The remaining part of our paper is organized as follows. Section 2 discusses the corpora, the process of data extraction, the computational and statistical methods, and a few methodological caveats that may influence the interpretation of our data. In Section 3, we report the results of our analyses. Finally, Section 4 concludes the paper, discussing the main findings and providing a perspective.

2 Materials and methods 2.1 Materials

Table 1 displays the words we analyzed in this study. We focused on nouns because pronouns would not be directly comparable across the languages. In English, the pronouns he and she are used only for animate referents (with a few exceptions). Spoken Chinese has no gender distinctions in the 3^rd person singular, although one can differentiate between the equivalents of “he”, “she” and “it” in writing. In Russian, both animate and inanimate referents can be anaphorically referred to with gendered pronouns on ‘he’, ona ‘she’ and ono ‘it’ depending on the lexical gender.

Table 1

The words analyzed in the study.

Concept pair	English	Chinese	Russian
ADULT	F: womanM: man	F: 女人M: 男人	F: ženščinaM: mužčina
NOT ADULT	F: girlM: boy	F: 女孩(子/兒/−)M: 男孩(子/兒/−)	F: devočkaM: mal’čik
PARENT	F: motherM: father	F: 母親/媽媽M: 父親/爸爸	F: mat’M: otec
CHILD	F: daughterM: son	F: 女兒M: 兒子	F: dočM: syn
SIBLING	F: sisterM: brother	F: 姐姐/妹妹/姐妹M: 哥哥/弟弟/兄弟	F: sestraM: brat
SPOUSE	F: wifeM: husband	F: 妻子M: 丈夫	F: ženaM: muž
PARENT-IN-LAW	F: mother-in-lawM: father-in-law	F: 婆婆/岳母M: 剬剬/岳父	F: tëščaM: test’
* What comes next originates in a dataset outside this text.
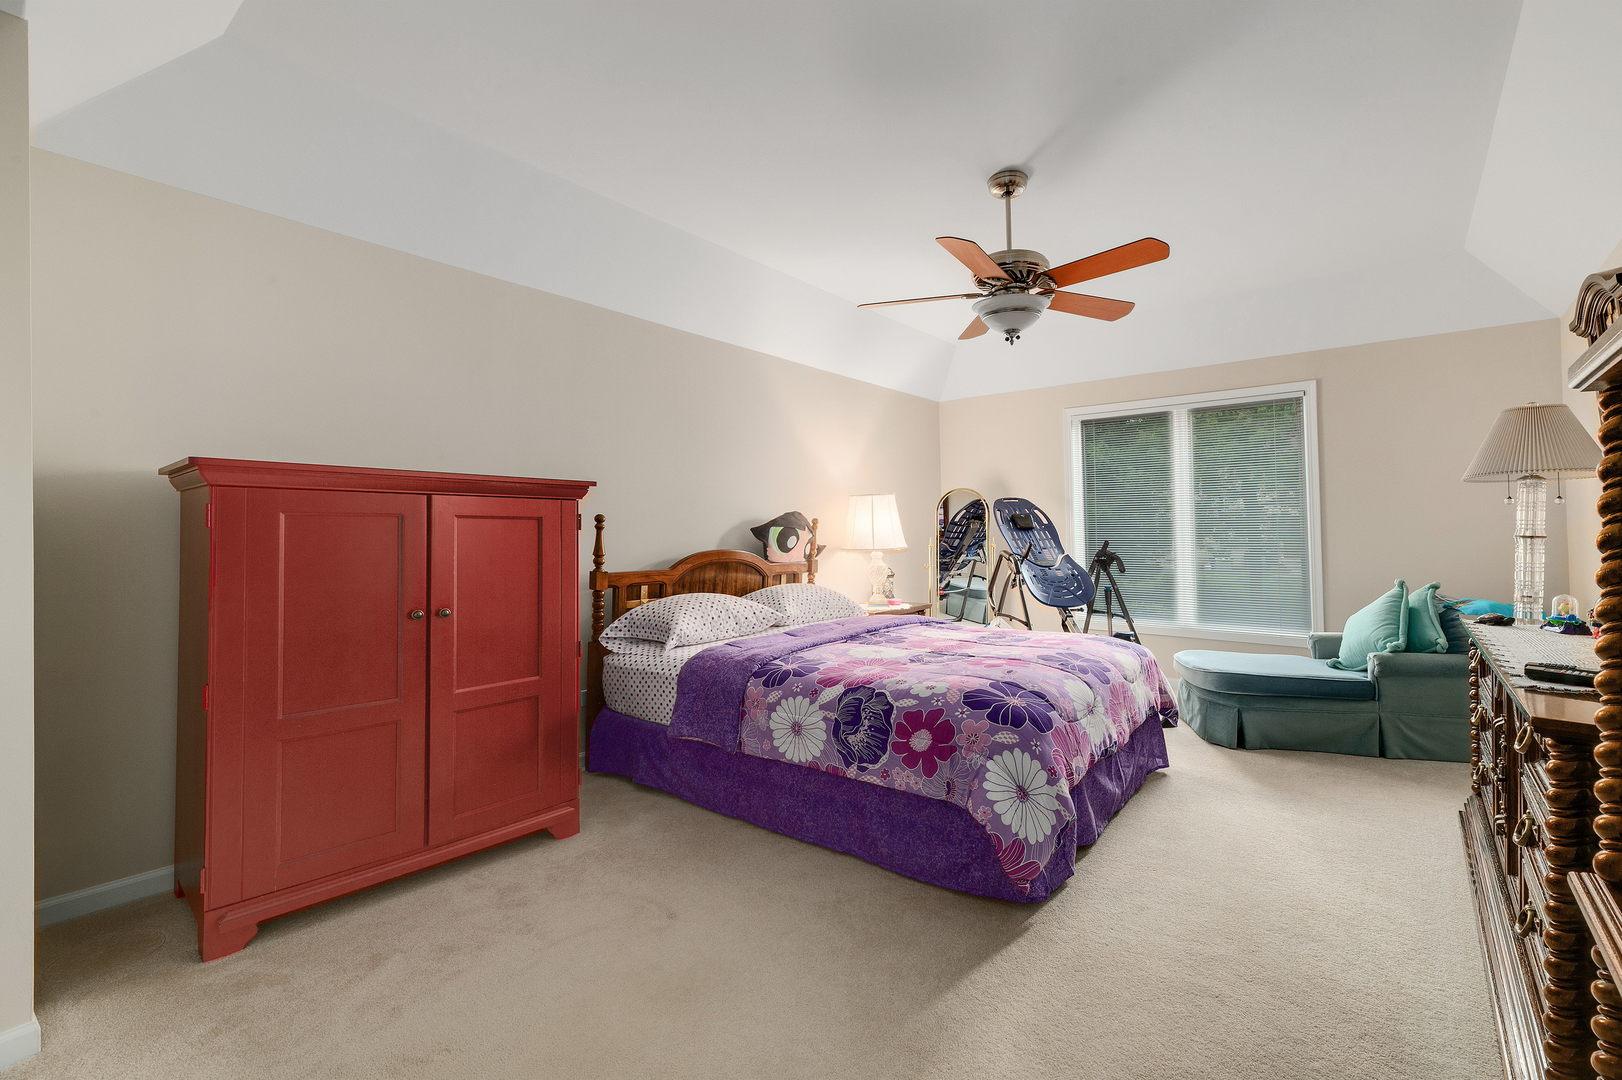 , Willow Springs, Illinois, 60480

The choice of the nouns was motivated by the following reasons. First, these lexical categories exist in all three languages and can be easily found in corpora (although the semantic extensions may differ). Second, these nouns indicate the gender of the referent in all three languages (with a small number of exceptions discussed in Section 2.4). Finally, they occur frequently enough to allow for a comparison of their sentiment values and tracing their changes over time.

We extracted examples of these words in context from large corpora. The data and extraction procedure are described below.

To collect English data, we used the Corpus of Historical American English (COHA) (Davies, 2010). We extracted contexts containing the word forms of interest from the fiction component of the corpus covering years from 1950 to 2019. For data extraction, we used the online version of the corpus at https://www.english-corpora.org/coha/. We downloaded a random sample of 500 sentences per decade with the nouns in the singular or plural form, with the part-of-speech tag NOUN. If the form was infrequent, we included all available examples. The total number of examples was 75,736 sentences. We also saved information about the book in which every example appeared.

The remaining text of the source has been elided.